* [Available data]:
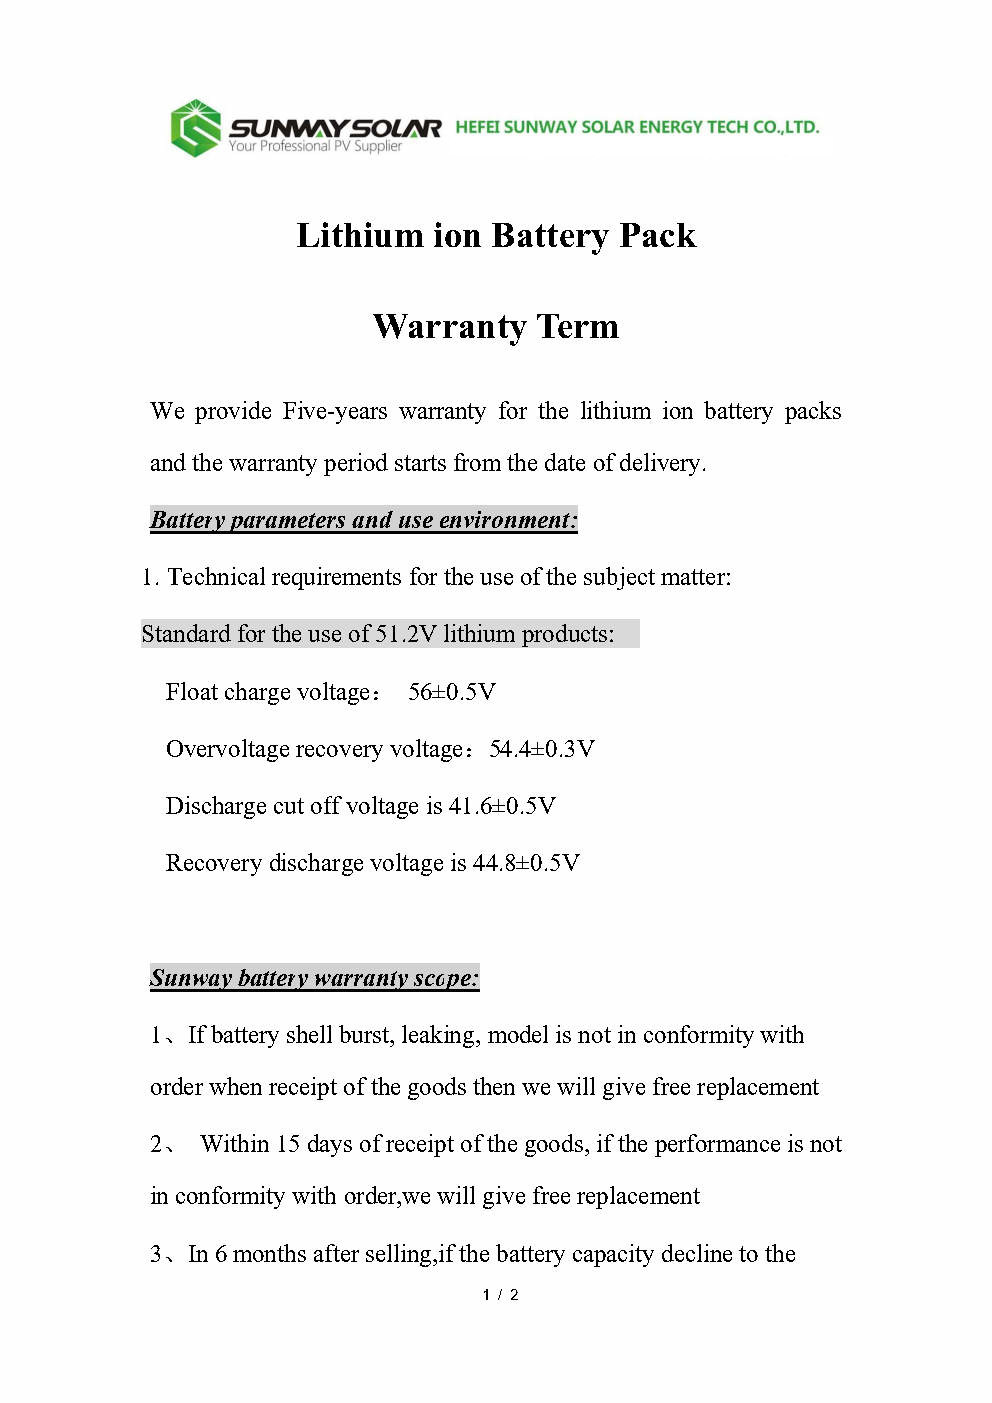 lithium battery warranty term
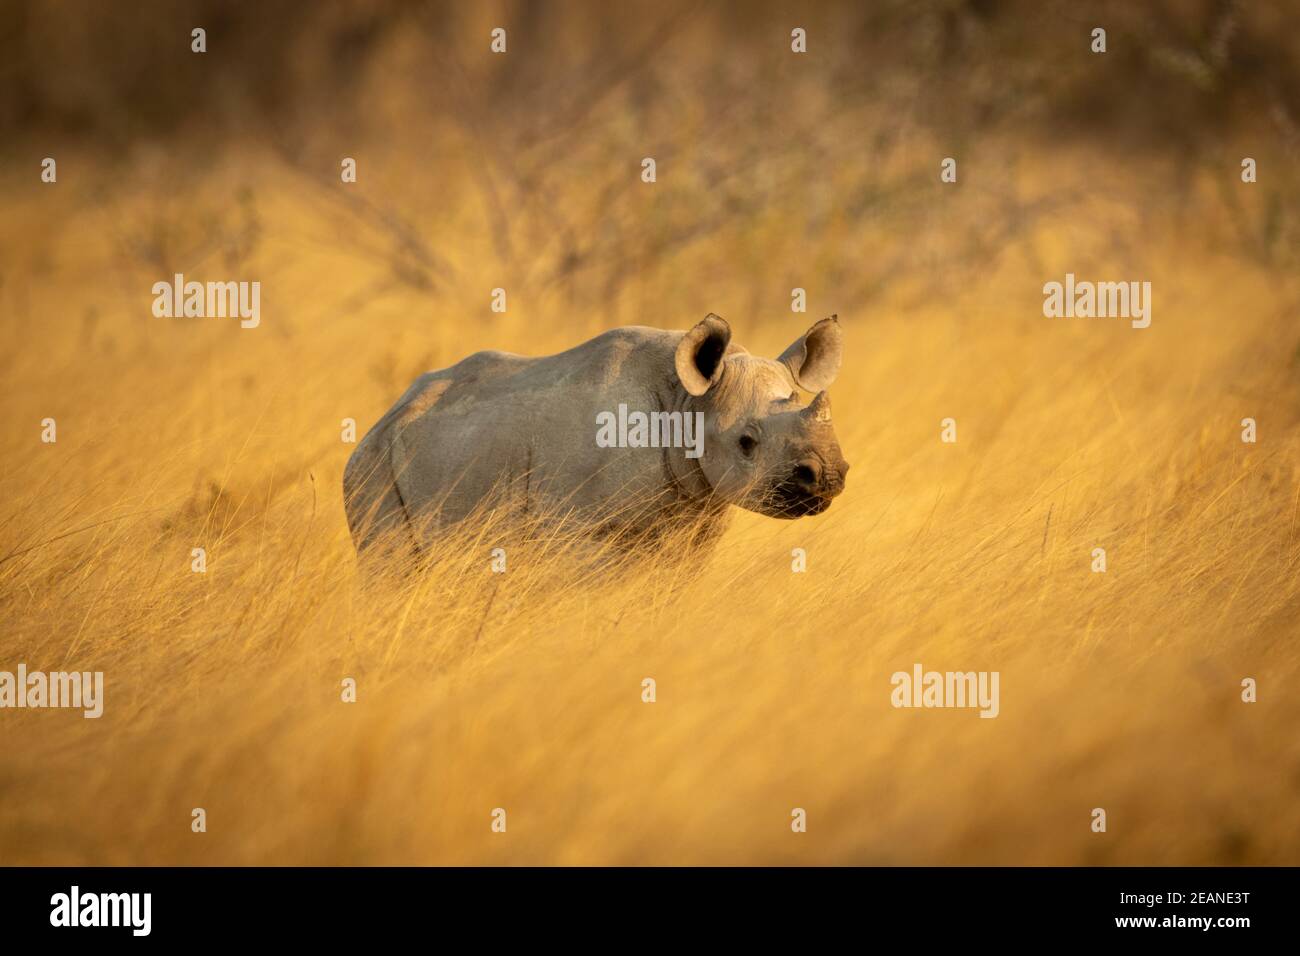 Baby black rhino in grass facing right Stock Photo
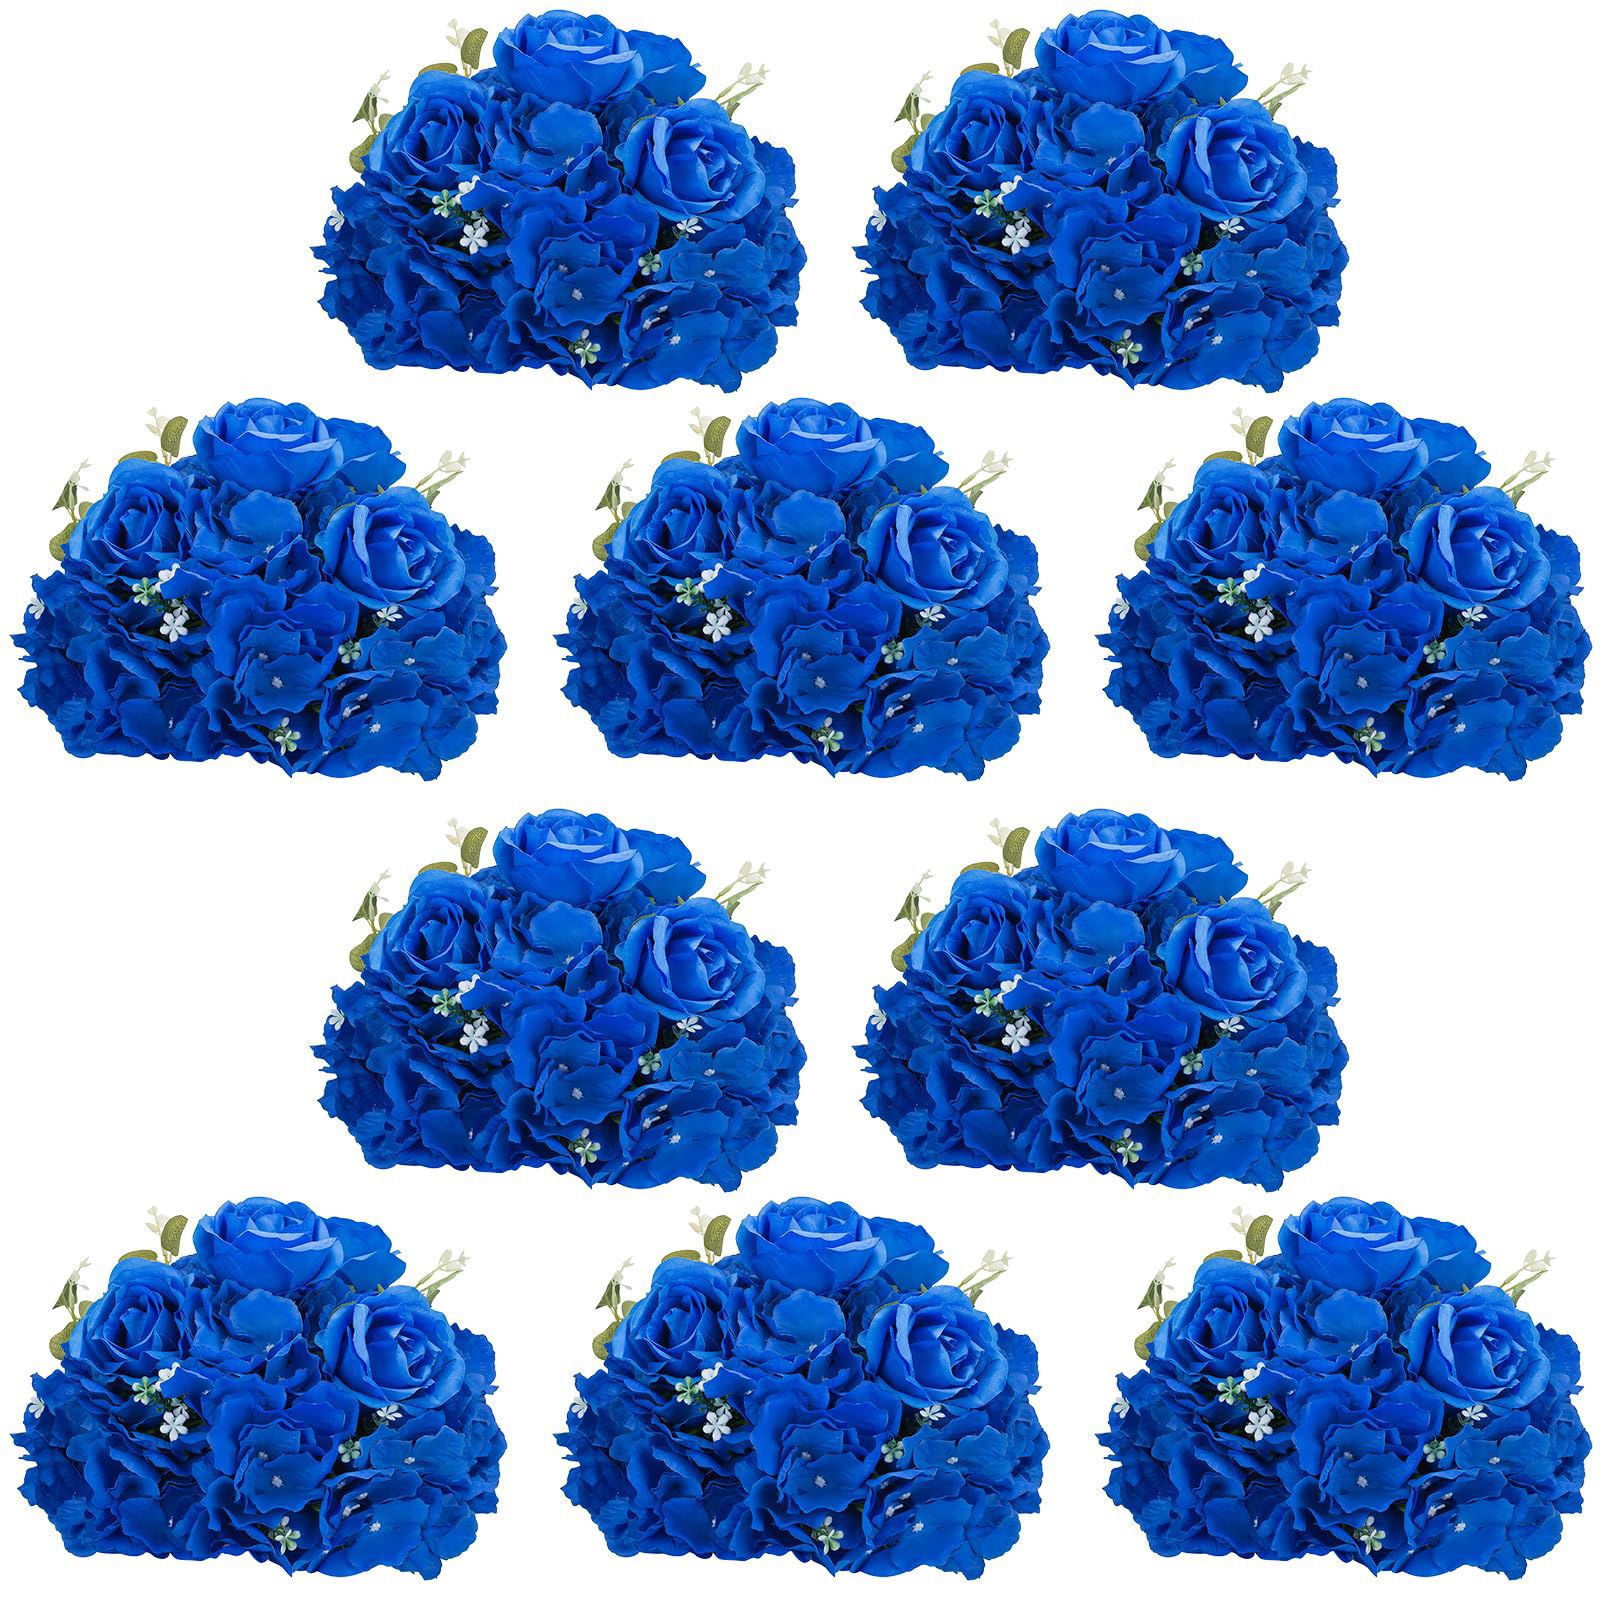 NUPTIO Royal Blue Flowers For Centerpieces: 10 Pcs 11.8 Inch Diam Artificial Flower Balls For Centerpieces - Fake Flower Ball Arrangement Bouquet Rose
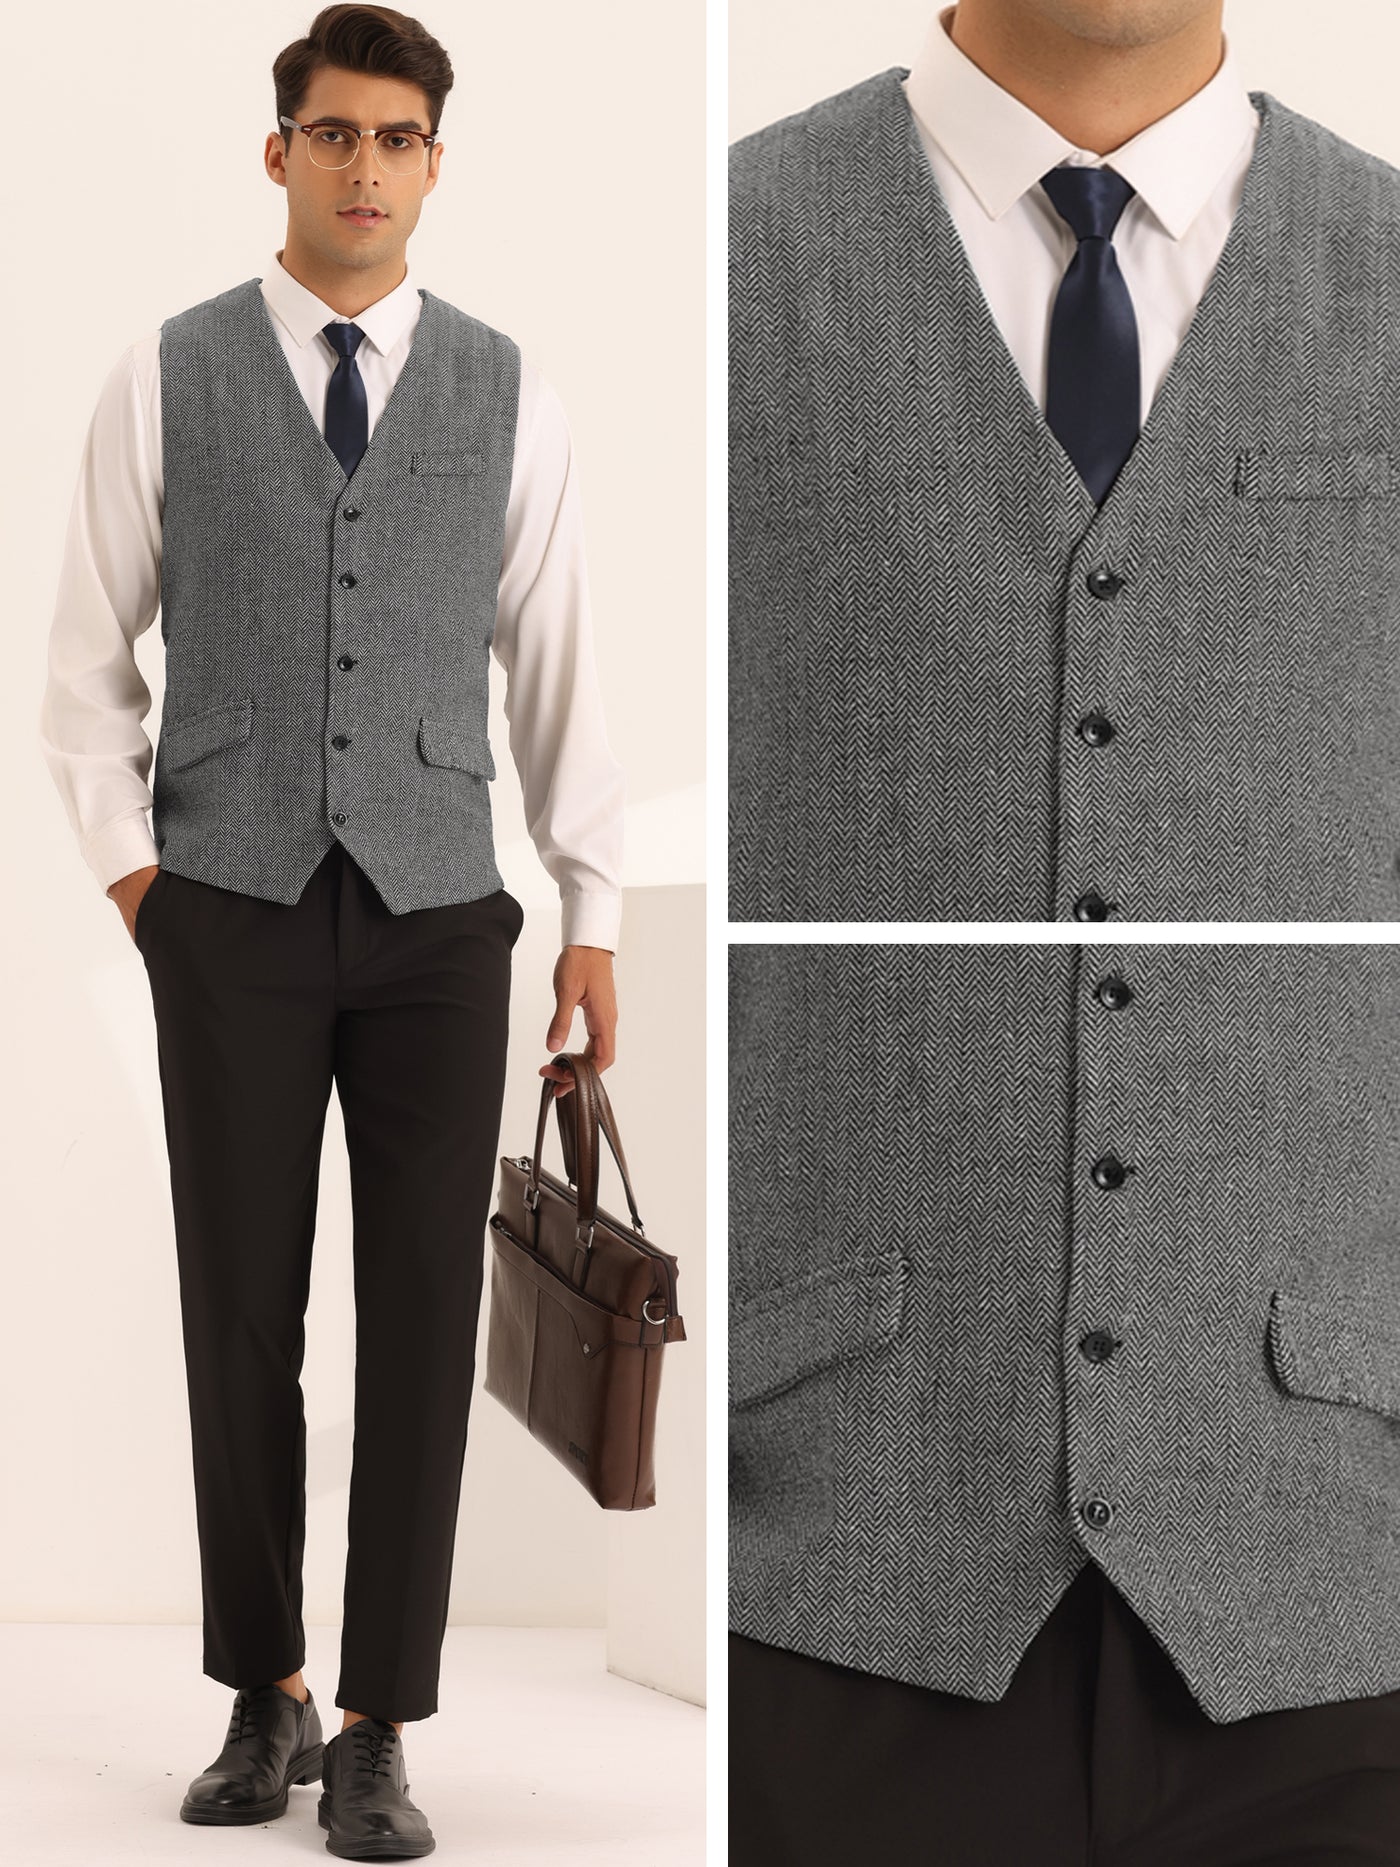 Bublédon Herringbone Waistcoat for Men's Slim Fit Single Breasted Business Dress Vest

* [What needs to be done]:
Set down exactly, from the line that contains "Baby black rhino" through the last line of the data, each line as it stands, and leave the pictures out.

* [Written solution]:
 Baby black rhino in grass facing right Stock Photo
 NUPTIO Royal Blue Flowers For Centerpieces: 10 Pcs 11.8 Inch Diam Artificial Flower Balls For Centerpieces - Fake Flower Ball Arrangement Bouquet Rose
 Bublédon Herringbone Waistcoat for Men's Slim Fit Single Breasted Business Dress Vest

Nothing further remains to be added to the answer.